At the 55th Filmfare Awards, New York received two nominations: Best Actress (Kaif) and Best Supporting Actor (Mukesh).

== Plot ==

Sometime in 2008, Omar Aijaz, a young Indian man living in the United States, is arrested by the FBI after weapons are found in the trunk of a taxi registered to him. He is interrogated by Agent Roshan, a South Asian origin officer who has lived in the U.S. for two decades. Roshan suspects Omar's involvement with Samir "Sam" Sheikh, a former college friend believed to be connected to terrorist activities. Omar, unaware of Sam's current life, is pressured into cooperating with the FBI to spy on him.

The narrative shifts to a flashback from 1999, when Omar arrived in the U.S. to attend New York State University for his Master Degree. There, he befriends Sam and Maya, a fellow student and counselor. The three form a close bond, though Omar secretly harbours feelings for Maya. Over time, Maya and Sam fall in love, prompting Omar to distance himself. Their lives are disrupted by the September 11 attacks.

Back to the present, Omar reconnects with Sam and Maya—now married with a son, Danyal—under the guise of rekindling old friendships, while secretly reporting to Roshan. He learns Maya is involved in civil rights activism, helping Sam's employee and former detainee Zilgai cope with trauma from his post-9/11 arrest. Initially, Omar finds no incriminating evidence against Sam, but gradually uncovers deeper layers of Sam's past. Sam had been detained at Guantánamo Bay for nine months due to circumstantial evidence and was tortured. Though later exonerated, the experience left him emotionally scarred and radicalised.

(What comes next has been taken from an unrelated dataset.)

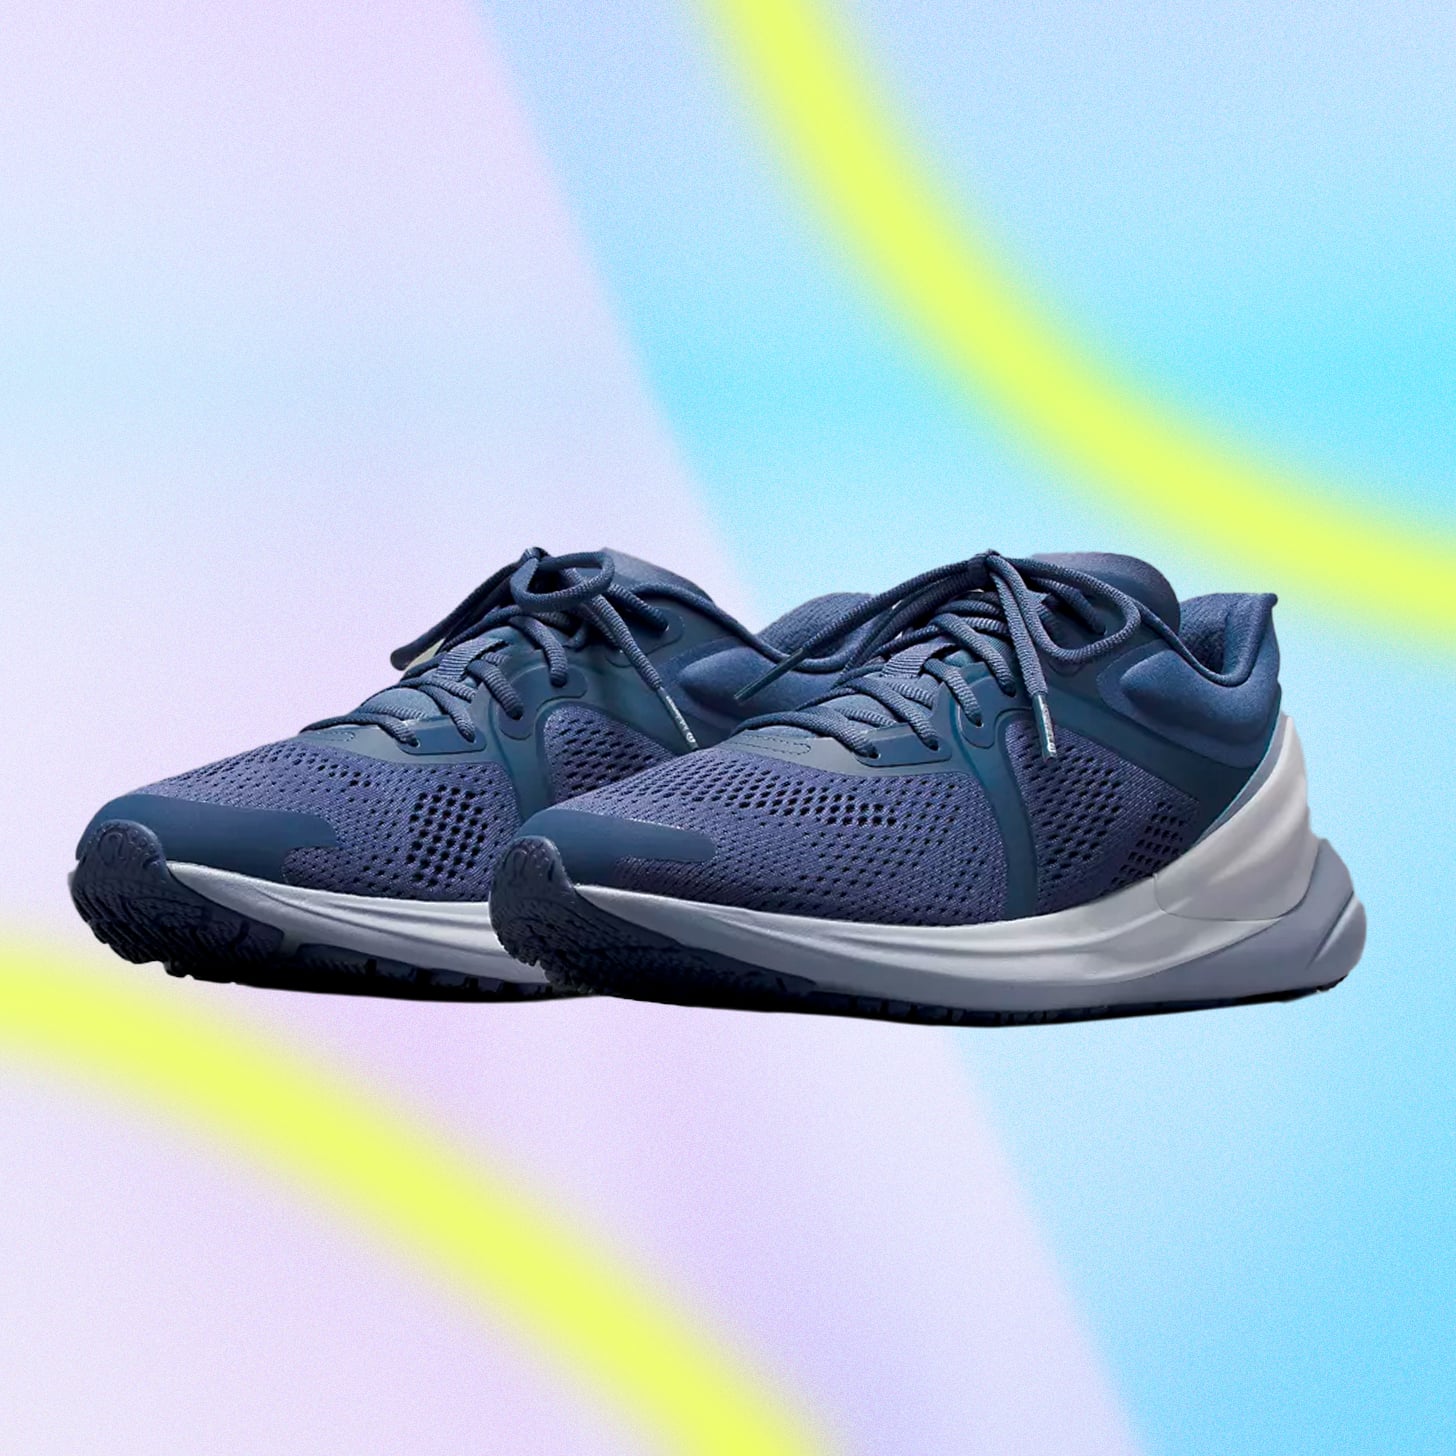 Lululemon Just Launched the Blissfeel 2 Running Shoe — Here's What
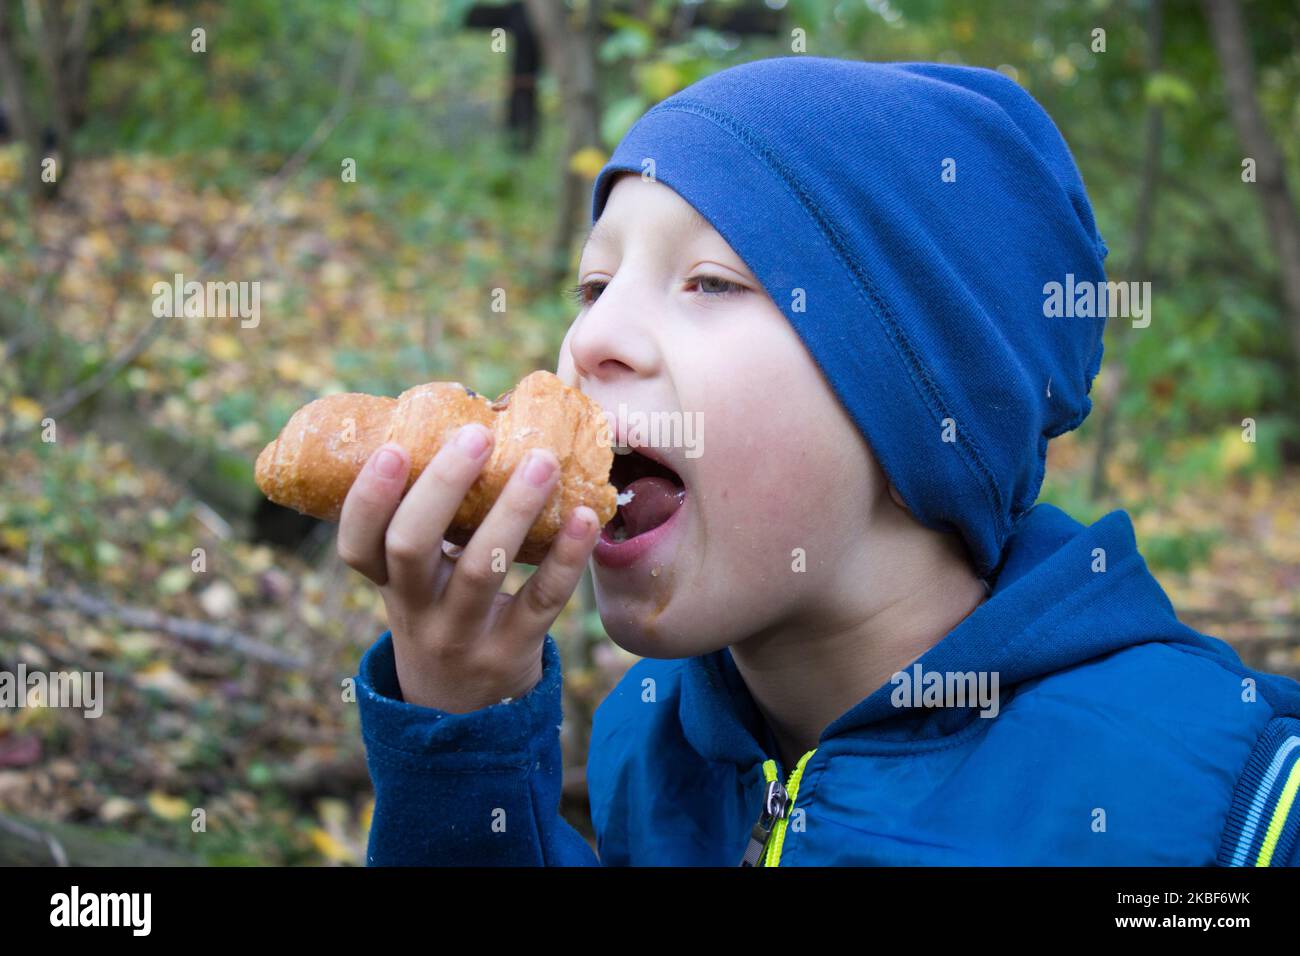 opening a mouth babe bites croissant in the park Stock Photo

A turning point arrives when Zilgai, unable to reintegrate into society, kills a police officer and leads the police on a long chase ultimately ending in his death by suicide; in the aftermath, Sam appears to abandon his plans for a terrorist attack. However, Omar later discovers the plan is still active. He alerts Roshan, and in the final act, Sam is persuaded to surrender. As he complies, he is shot dead by FBI snipers. Maya, rushing to stop him, is also killed in stray crossfire.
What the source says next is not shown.